The Boston Red Sox have begun an experiment to see what else Jose Iglesias is capable of defensively.

It’s well-known that Iglesias is a great defensive shortstop—easily the best in the organization—but it’s been his offense that’s kept him from being a starter in the big leagues. As Iglesias currently continues to develop in Triple-A Pawtucket, there are plans in place to move him around the infield.

Iglesias will be getting playing time at second and third base in the near future in addition to fielding grounders at shortstop frequently, according to Brian MacPherson of The Providence Journal.

“They said I’m moving around, just to get an idea,” Iglesias told MacPherson. “They haven’t told me anything else.”

Well, Pawtucket told Iglesias that he was going to make his first career start away from shortstop on Tuesday afternoon. MacPherson was present for the game and tweeted out some of his thoughts on Iglesias at playing the hot corner.

MacPherson noted in his article that “all indications are that Iglesias will remain primarily a shortstop” and “the work at positions other than shortstop is not a sign that Iglesias is becoming a utility infielder.”

While this is important to keep in mind, it’s also interesting to ponder what the future could hold for Iglesias if he’s able to play positions other than shortstop at a high level defensively. For one, it would certainly open up a series of doors.

The Red Sox are relatively set at second and third base for the moment. Dustin Pedroia is under contract through the 2014 season and there’s an $11 million team option for the 2015 season. Will Middlebrooks is under team control for even longer, considering he just made his major league debut last season.

Depth, though, could turn out to be a problem. The Red Sox don’t really have a major-league-ready backup at third base if anything were to happen to Middlebrooks.

There are a handful of prospects in the minor leagues that could be impactful in the next couple of seasons.

There isn’t a clear-cut replacement for Pedroia either. Pedro Ciriaco is the backup middle infielder for now, but he’s hitting .184/.289/.342 in 19 games this season while playing mediocre defense at best. To say that he’s a replaceable backup would be a major understatement.

If Iglesias could play second or third base well enough, it would definitely increase the odds that he stays with the Red Sox long-term the next time he gets promoted.

But his offense still needs to improve, considering he entered Tuesday hitting .205/.262/.330 in 31 games for Pawtucket.
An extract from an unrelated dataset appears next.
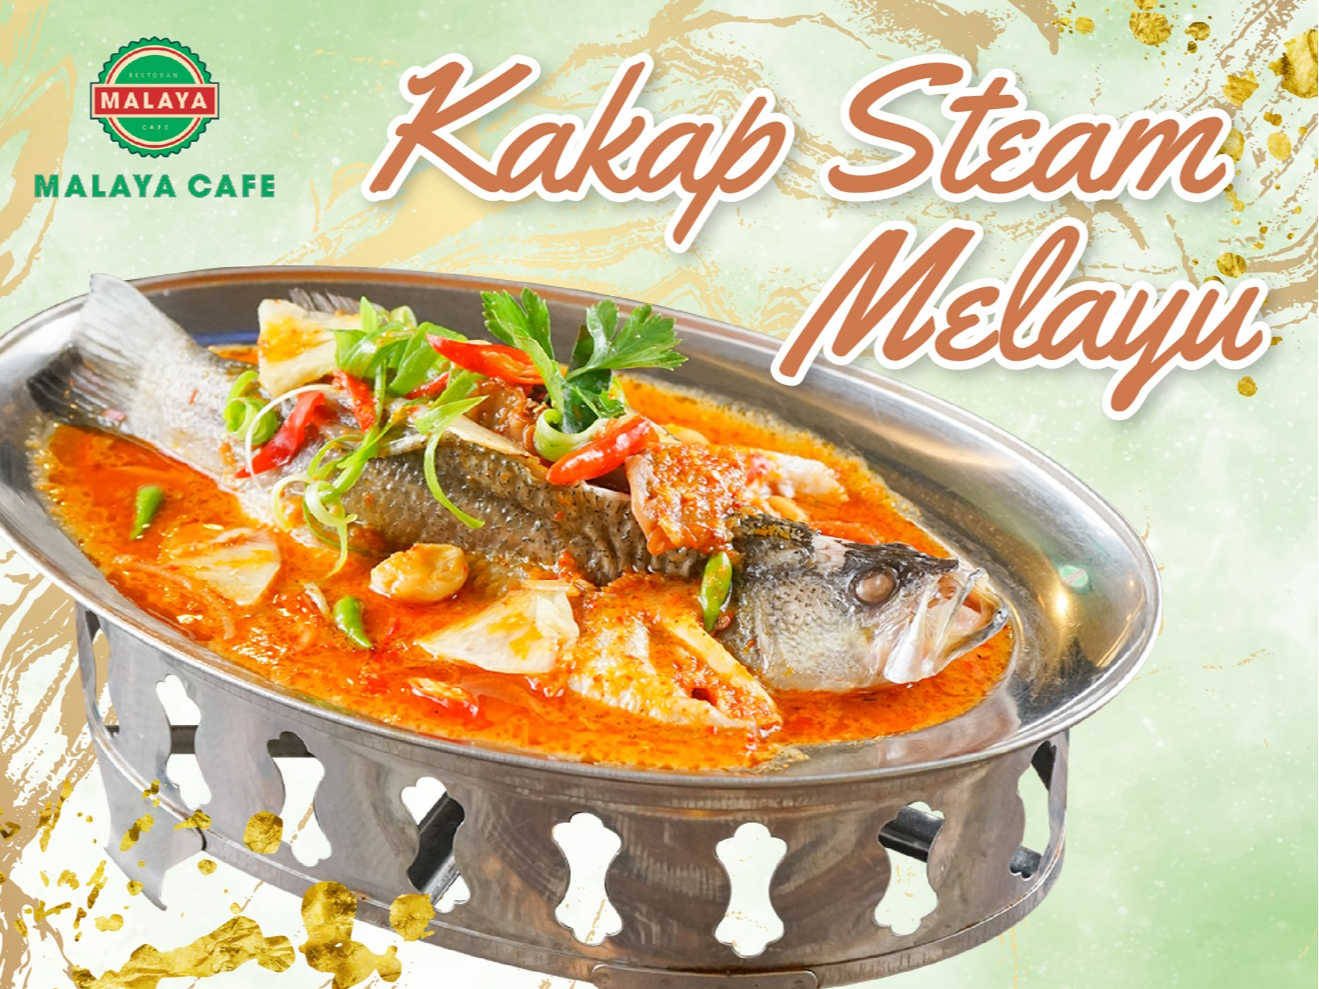 Malaya Restaurant & Cafe, Mega Mall Batam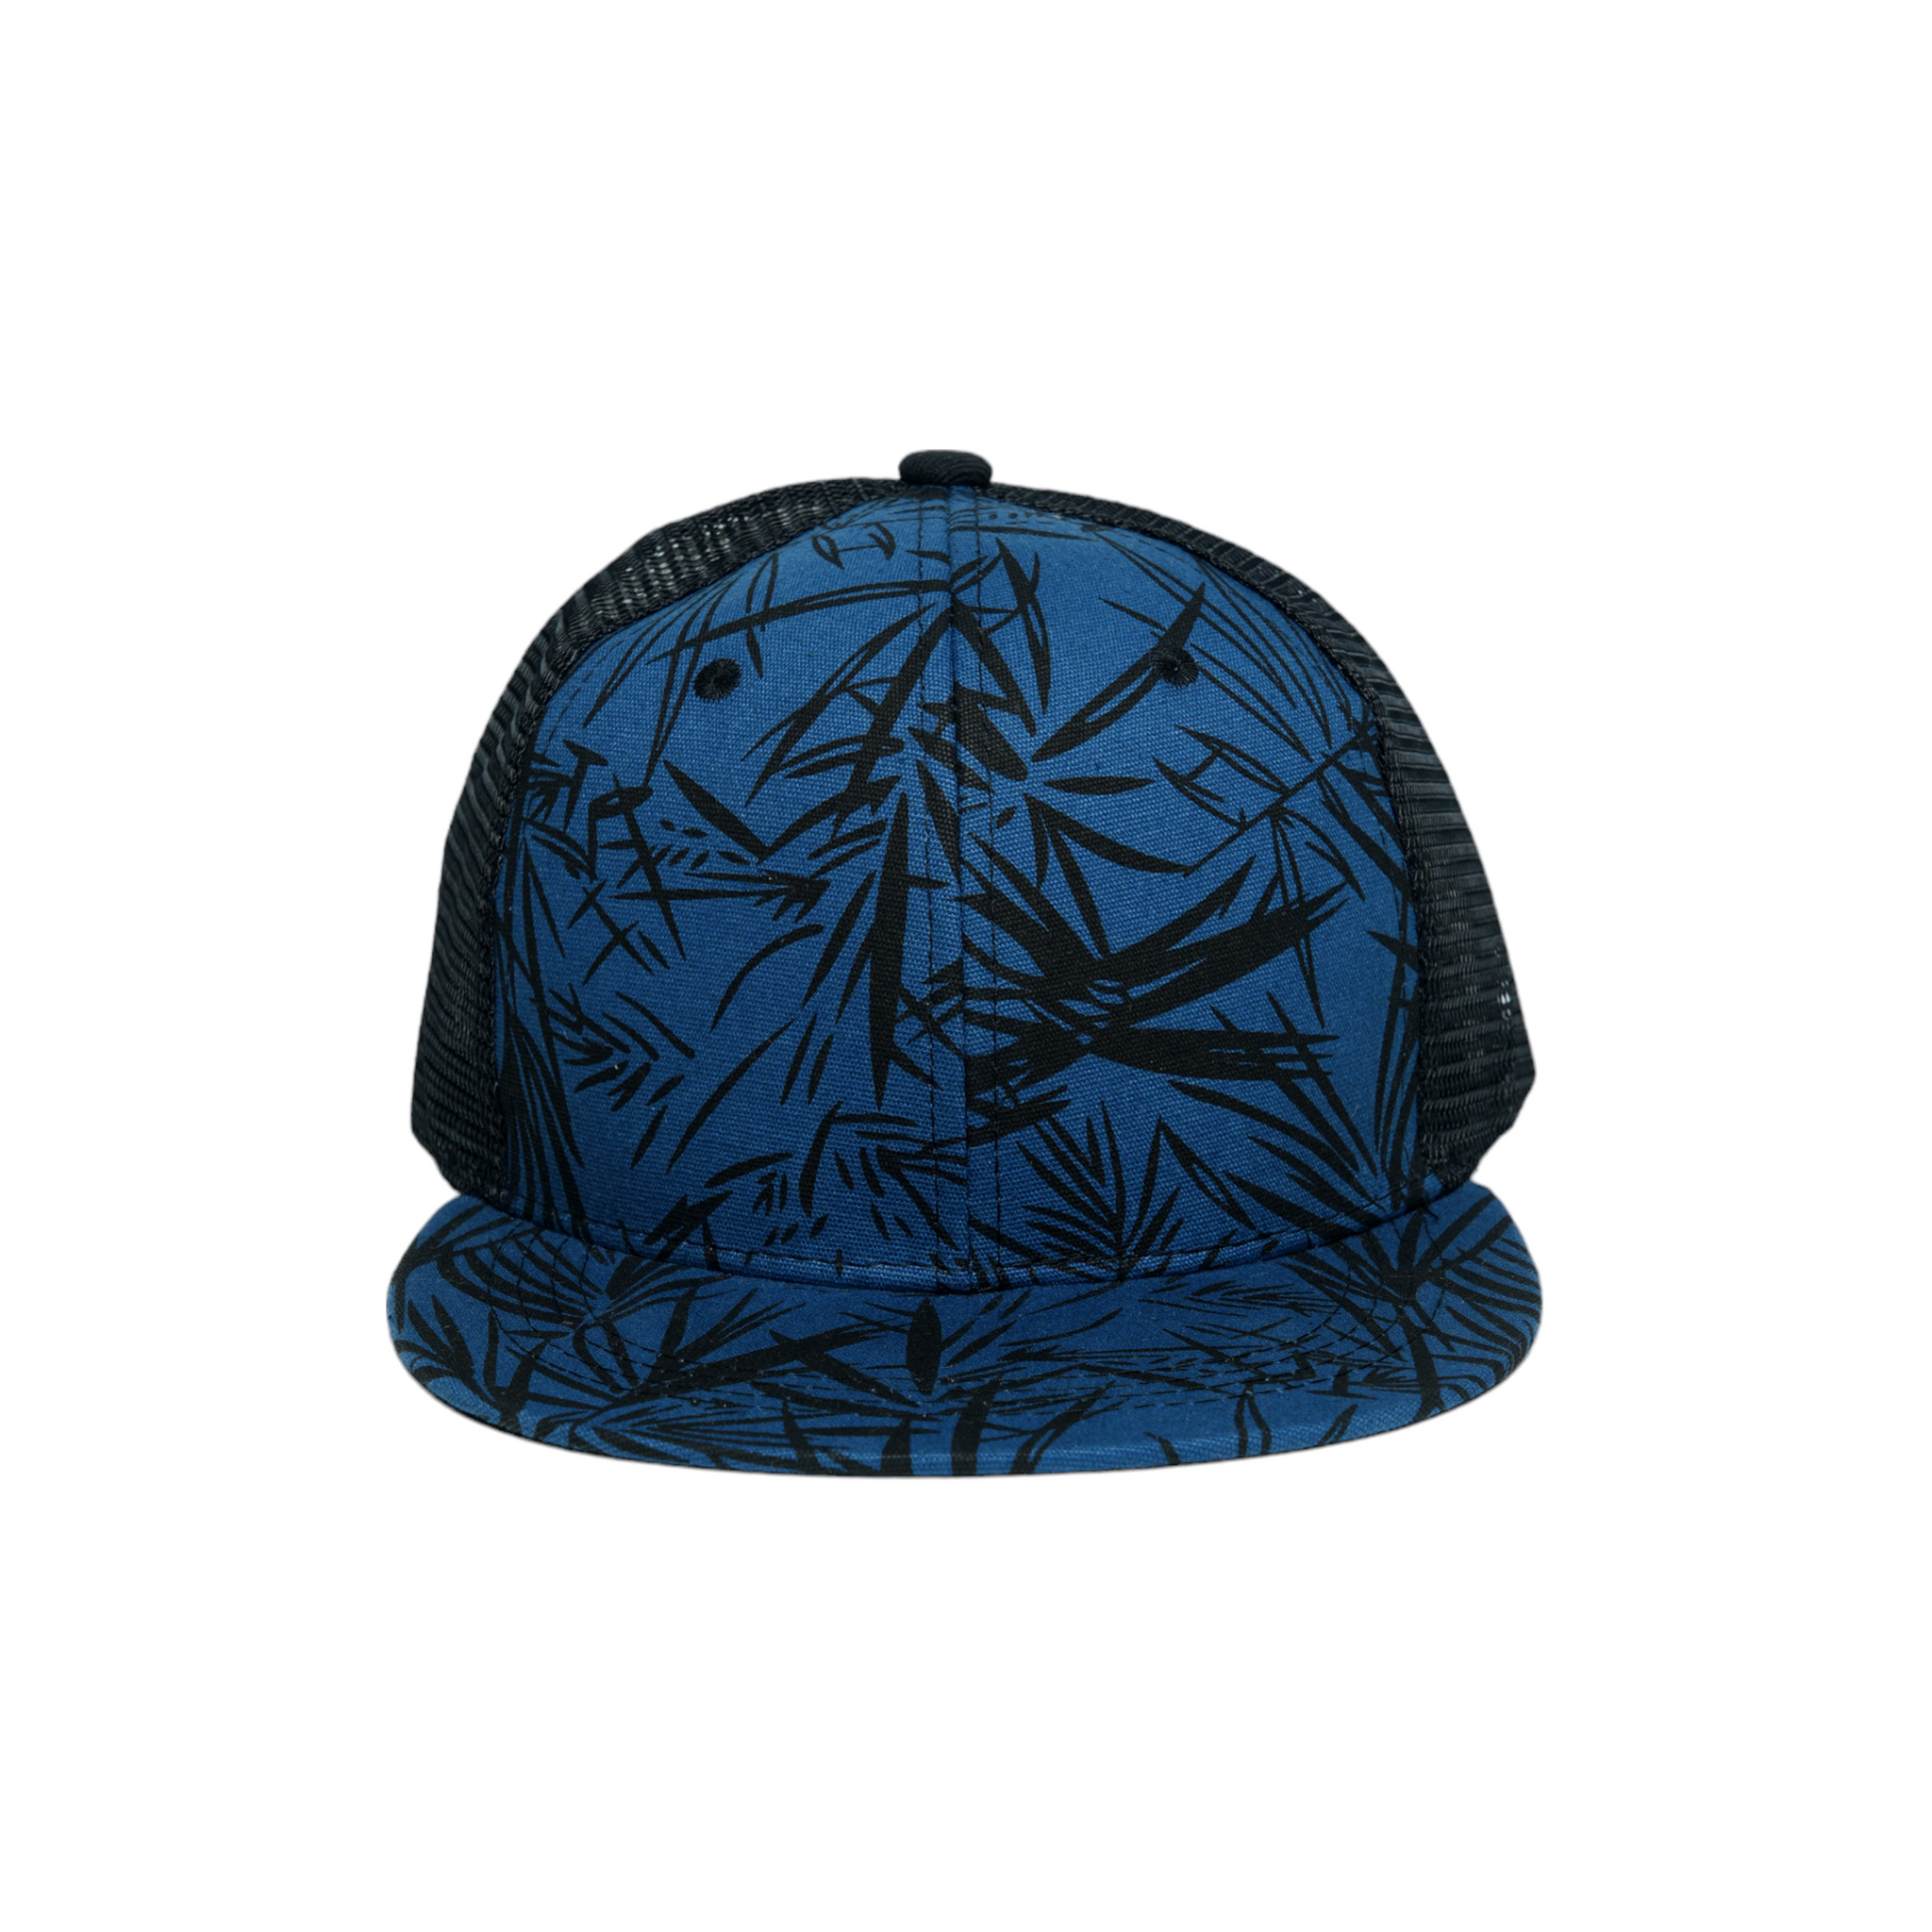 Chokore Printed Flat Brim Baseball Cap with Mesh Detailing (Blue)

As I’ve now mentioned twice, offense is Iglesias’ biggest weakness. It’s going to become an even bigger problem at some point this season or definitely next season when Xander Bogaerts—Boston’s top prospect—gets promoted to Triple-A.

MacPherson and his co-worker, Tim Britton, told me in a chat a few weeks ago that “every indication is that the Red Sox want to keep Bogaerts at short as long as possible.” That came after I asked whether it would make sense to transition the top prospect to third base in the wake of Middlebrooks’ offensive struggles.

Bogaerts played a little third base for Team Netherlands in the World Baseball Classic, but has been a shortstop throughout his career.

Because of his size, though, some think that he might be better-suited at third base or at a corner outfielder position in the future.

If Boston plans to keep Bogaerts at shortstop, Iglesias is basically out of the job. This is why these next couple of weeks are so important for Iglesias’ future. If he can handle grounders and routine plays easily at positions other than shortstop, he boosts the likelihood that he’ll eventually be in the major leagues full-time.

If Iglesias can’t play second or third base well, which I think is unlikely, then he’s going to continue to struggle finding time with the Red Sox. Defensive versatility can do a lot of positive things for his career.